Consider a typical lending journey: document collection, customer verification, credit assessment, risk evaluation and, finally, approval and disbursement. Traditionally, each stage means separate hand-offs, manual reviews and long turnaround times.
AI collapses that friction across the lifecycle. It can verify identity documents and flag forgeries in seconds, compressing onboarding from days to minutes. It can automate data extraction and eligibility checks so that underwriters spend their time on judgement, not clerical work. It can price risk dynamically using alternative data sources, monitor portfolios for early warning signals and detect synthetic identities and income manipulation before a single taka is disbursed — no small consideration in a sector that has long wrestled with classified loans and application fraud.
The result is faster processing, sharper fraud detection and a markedly better experience for the borrower.
The mindset shift matters more than the software
It would be a mistake to treat this as a technology purchase. The harder change is cultural — a shift in how the underwriter sees the job.
The most successful lenders are not replacing human judgement with AI; they are pairing it with human oversight. The future underwriter is not made redundant — the role is elevated.
AI becomes a co-pilot that handles the mechanical work and surfaces patterns no human could hold in mind at once, while the credit professional brings context, sector knowledge and the judgement to interpret what the model cannot. The best outcomes will come not from automation alone, nor from human intuition alone, but from the two working together — faster, smarter and more responsible decisions than either could reach on its own.
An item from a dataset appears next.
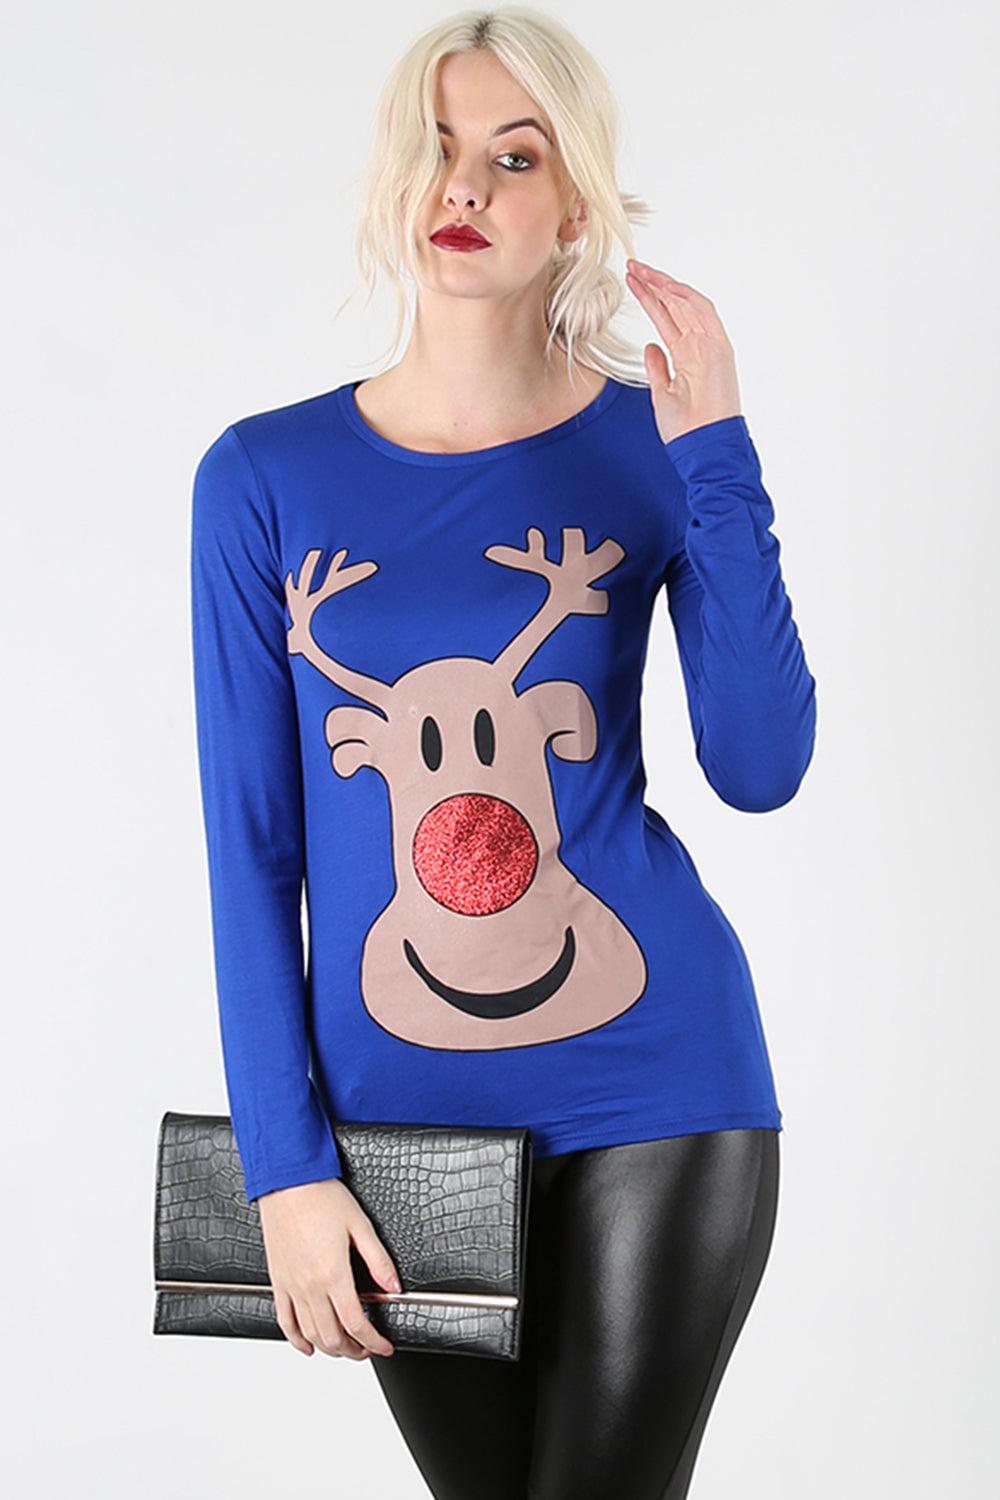 Isla Christmas Glitter Nose Reindeer T Shirt

That balance has to be built deliberately. Several realities demand attention:
- Data quality and governance: A model is only as sound as the data beneath it. Banks must invest in clean data infrastructure and clear governance before they trust an algorithm with a credit decision.
- Explainability and fair lending: An underwriting model that cannot explain why it declined an applicant is a regulatory and reputational liability. As decisions are automated, we must guard against models that quietly encode bias by gender, geography or occupation.
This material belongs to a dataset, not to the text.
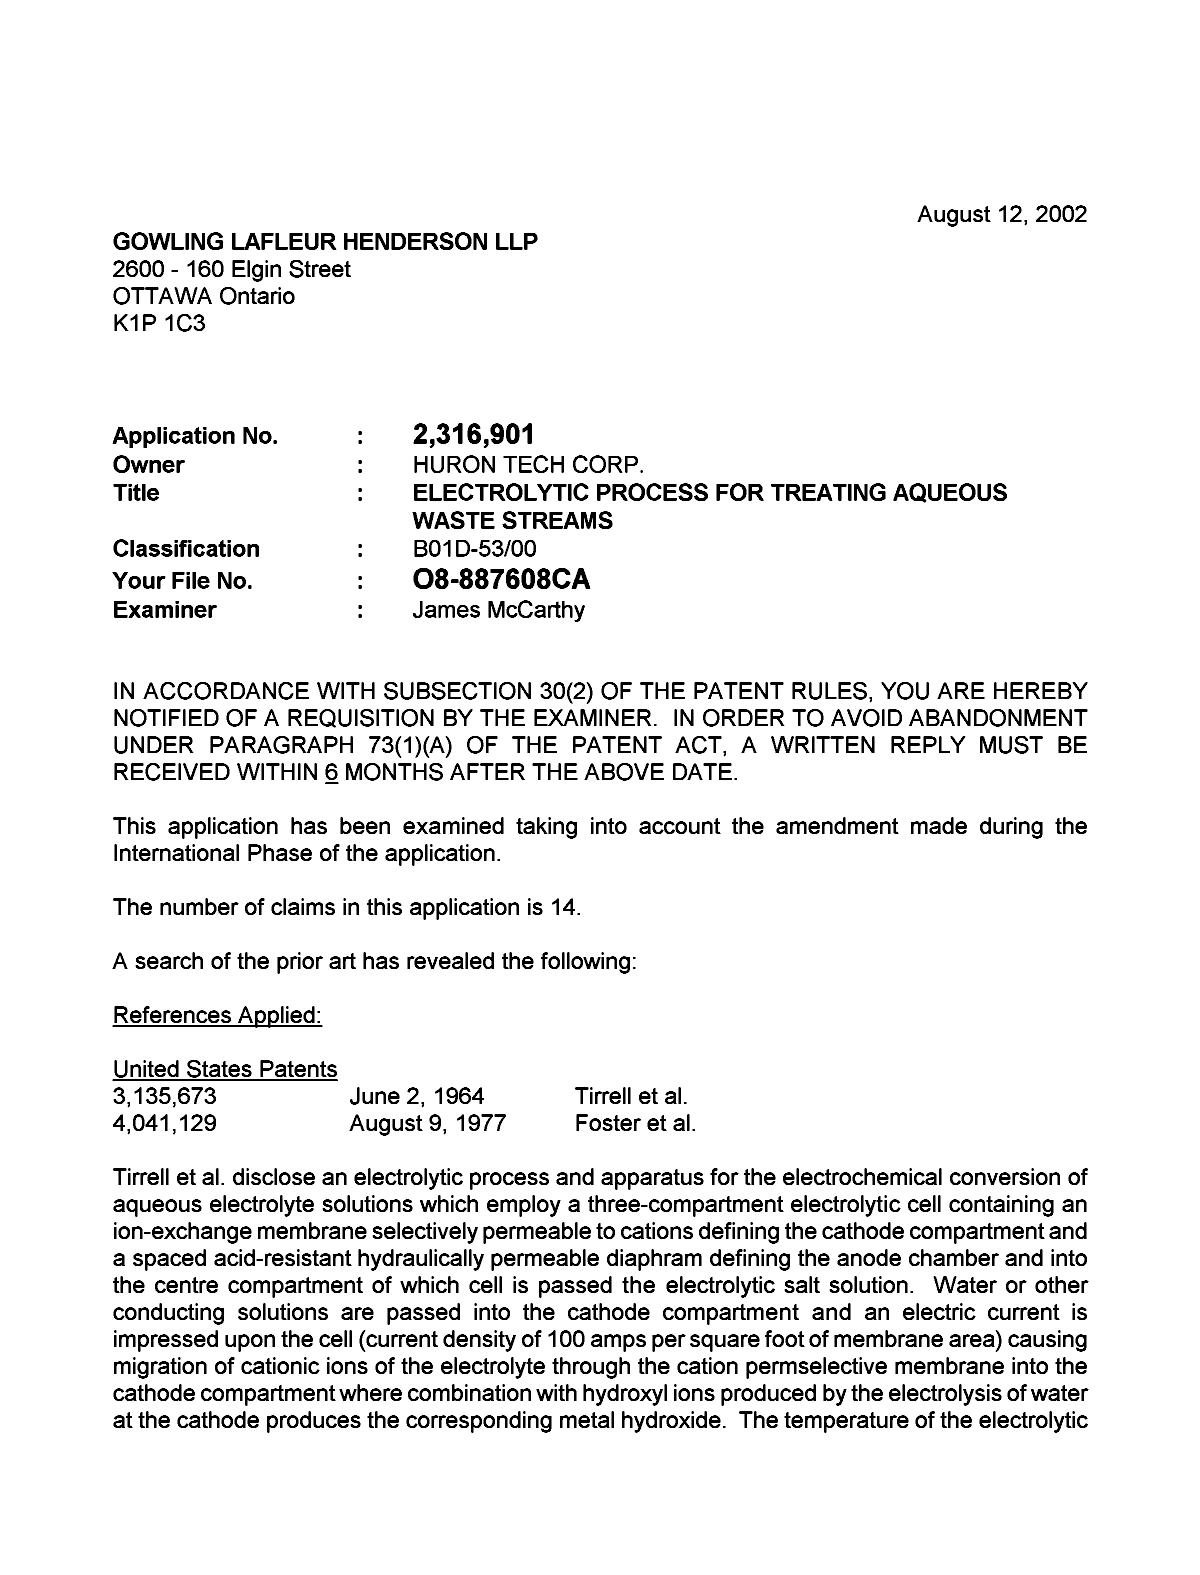 Document de brevet canadien 2316901. Poursuite-Amendment 20020812. Image 1 de 4

- Cybersecurity and fraud: The same intelligence that detects fraud can be turned against the lender. Stronger digital lending controls must advance in step with AI adoption.
- Regulatory readiness: Bangladesh Bank and the wider ecosystem will need clear expectations on ethical AI, model risk and consumer protection — and the country’s emerging data protection regime will shape what data lenders may use and how.
- Human oversight: For any material decision, a human must remain accountable. Automation should widen access to credit, not remove responsibility for it.
The road ahead
The winning formula is not AI for its own sake. The future of lending will belong to the institutions that strike the right balance between automation, risk management, governance and customer trust. Master that combination and you will not simply approve loans faster; you will lend to people and businesses that were previously unreachable while managing risk more intelligently than manual processes ever allowed.
For that, our sector must invest as much in people as in platforms — in data literacy, risk thinking, AI awareness and adaptability among a generation of banking professionals who will supervise these systems.
The goal was never to approve loans faster for its own sake. In my view, AI’s greatest impact in lending is not just quicker approvals — it is enabling lenders to make better decisions at scale while maintaining strong risk controls. It is a chance to enable opportunity while managing risk responsibly, and to look, at last, beyond the balance sheet.
The future of underwriting is intelligent and inclusive. For Bangladesh, that future is not a distant prospect. It starts now.
The author is an assistant general manager for credit risk management at IDLC Finance PLC with more than 17 years of experience in corporate and SME lending. Views expressed in the article are solely those of the author.